Fitting a multivariate mixture model framework, model selection for the best model, and adaptive procedure for FDR control. Input of summary statistics z scores or p values of two or three data types.
IMIX( data_input, data_type = c("p", "z"), mu_ini = NULL, sigma_ini = NULL, p_ini = NULL, tol = 1e-06, maxiter = 1000, seed = 10, ini.ind = TRUE, model = c("all", "IMIX_ind", "IMIX_cor_twostep", "IMIX_cor_restrict", "IMIX_cor"), model_selection_method = c("BIC", "AIC"), alpha = 0.2, verbose = FALSE, sort_label = TRUE )
IMIX( data_input, data_type = c("p", "z"), mu_ini = NULL, sigma_ini = NULL, p_ini = NULL, tol = 1e-06, maxiter = 1000, seed = 10, ini.ind = TRUE, model = c("all", "IMIX_ind", "IMIX_cor_twostep", "IMIX_cor_restrict", "IMIX_cor"), model_selection_method = c("BIC", "AIC"), alpha = 0.2, verbose = FALSE, sort_label = TRUE )
data_input |
An n x d data frame or matrix of the summary statistics z score or p value, n is the nubmer of genes, d is the number of data types. Each row is a gene, each column is a data type. |
data_type |
Whether the input data is the p values or z scores, default is p value |
mu_ini |
Initial values for the mean of the independent mixture model distribution. A vector of length 2*d, d is number of data types. Needs to be in a special format: for example, if d=3, needs to be in the format of (null_1,alternative_1,null_2,alternative_2,null_3,alternative_3). |
sigma_ini |
Initial values for the standard deviations of the two components in each data type. A vector of length 2*d, d is number of data types. Needs to be in a special format: for example, if d=3, needs to be in the format of (null_1,alternative_1,null_2,alternative_2,null_3,alternative_3). |
p_ini |
Initial values for the proportion of the distribution of the two components in each data type. A vector of length 2*d, d is number of data types. Needs to be in a special format: for example, if d=3, needs to be in the format of (null_1,alternative_1,null_2,alternative_2,null_3,alternative_3). |
tol |
The convergence criterion.
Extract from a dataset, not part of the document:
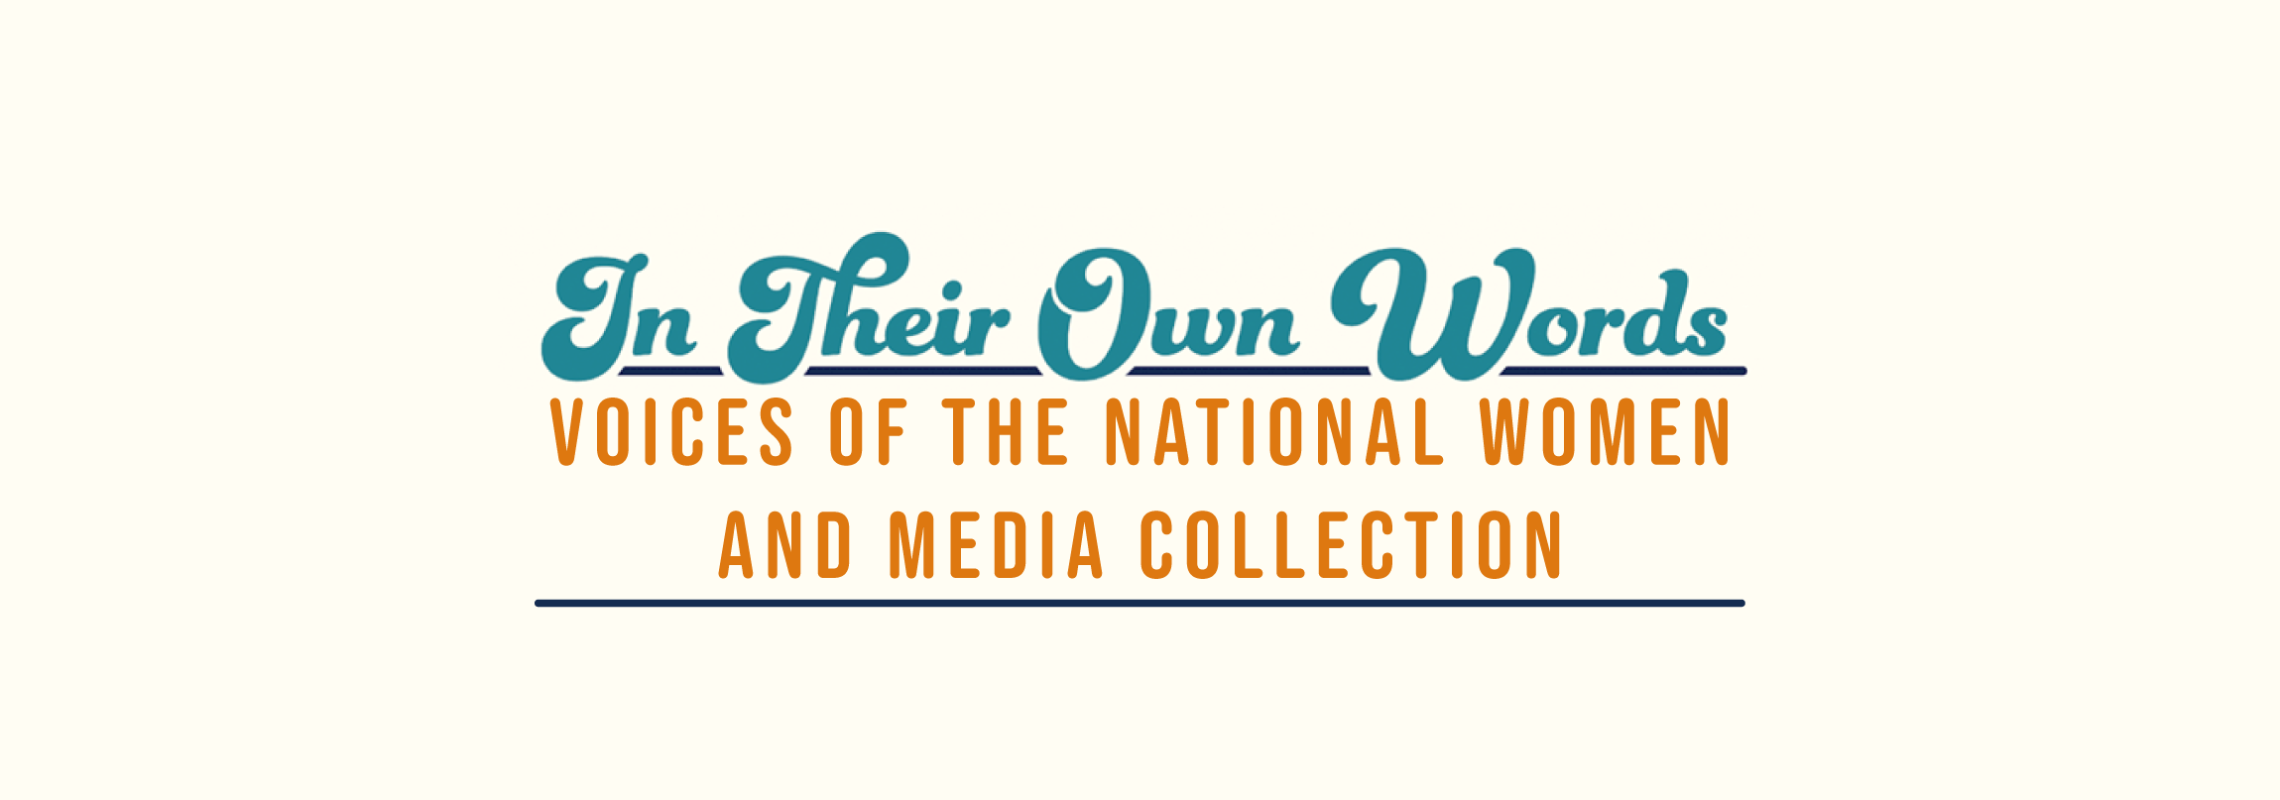 Reads In Their Own Words, Voices of the National Women and Media Collection

Convergence is declared when the change in the observed data log-likelihood increases by less than epsilon. |
maxiter |
The maximum number of iteration, default is 1000 |
seed |
Set.seed, default is 10 |
ini.ind |
Use the parameters estimated from IMIX-ind for initial values of other IMIX models, default is TRUE |
model |
Which model to use to compute the data, default is all |
model_selection_method |
Model selection information criteria, based on AIC or BIC, default is BIC |
alpha |
Prespecified nominal level for global FDR control, default is 0.2 |
verbose |
Whether to print the full log-likelihood for each iteration, default is FALSE |
sort_label |
Whether to sort the component labels in case component labels switched after convergence of the initial values, default is TRUE, notice that if the users chooose not to, they might need to check the interested IMIX model for the converged mean for the true component labels and perform the adaptive FDR control separately for an acurate result |
A list of results of IMIX
IMIX_ind |
Results of IMIX_ind, assuming all data types are independent |
IMIX_cor_twostep |
Results of IMIX_cor_twostep, by default the mean is the estimated value of IMIX_ind. If the users are interested to use another mean input, they could directly use function IMIX_cor_twostep and specify the mean |
IMIX_cor |
Results of IMIX_cor |
IMIX_cor_restrict |
Results of IMIX_cor_restrict |
AIC/BIC |
The AIC and BIC values of all fitted models |
Selected Model |
The model with the smallest AIC or BIC value, this is determined by user specifications in the function input "model_selection_method", by default is BIC |
significant_genes_with_FDRcontrol |
The output of each gene ordered by the components based on FDR control and within each component ordered by the local FDR, "localFDR" is 1-posterior probability of each gene in the component based on the maximum posterior probability, "class_withoutFDRcontrol" is the classified component based on maximum posterior probability, "class_FDRcontrol" is the classified component based on the across-data-type FDR control at alpha level |
estimatedFDR |
The estimated marginal FDR value for each component starting from component 2 (component 1 is the global null) |
alpha |
Prespecified nominal level for the across-data-type FDR control |
Ziqiao Wang and Peng Wei. 2020. “IMIX: a multivariate mixture model approach to association analysis through multi-omics data integration.” Bioinformatics. <doi:10.1093/bioinformatics/btaa1001>.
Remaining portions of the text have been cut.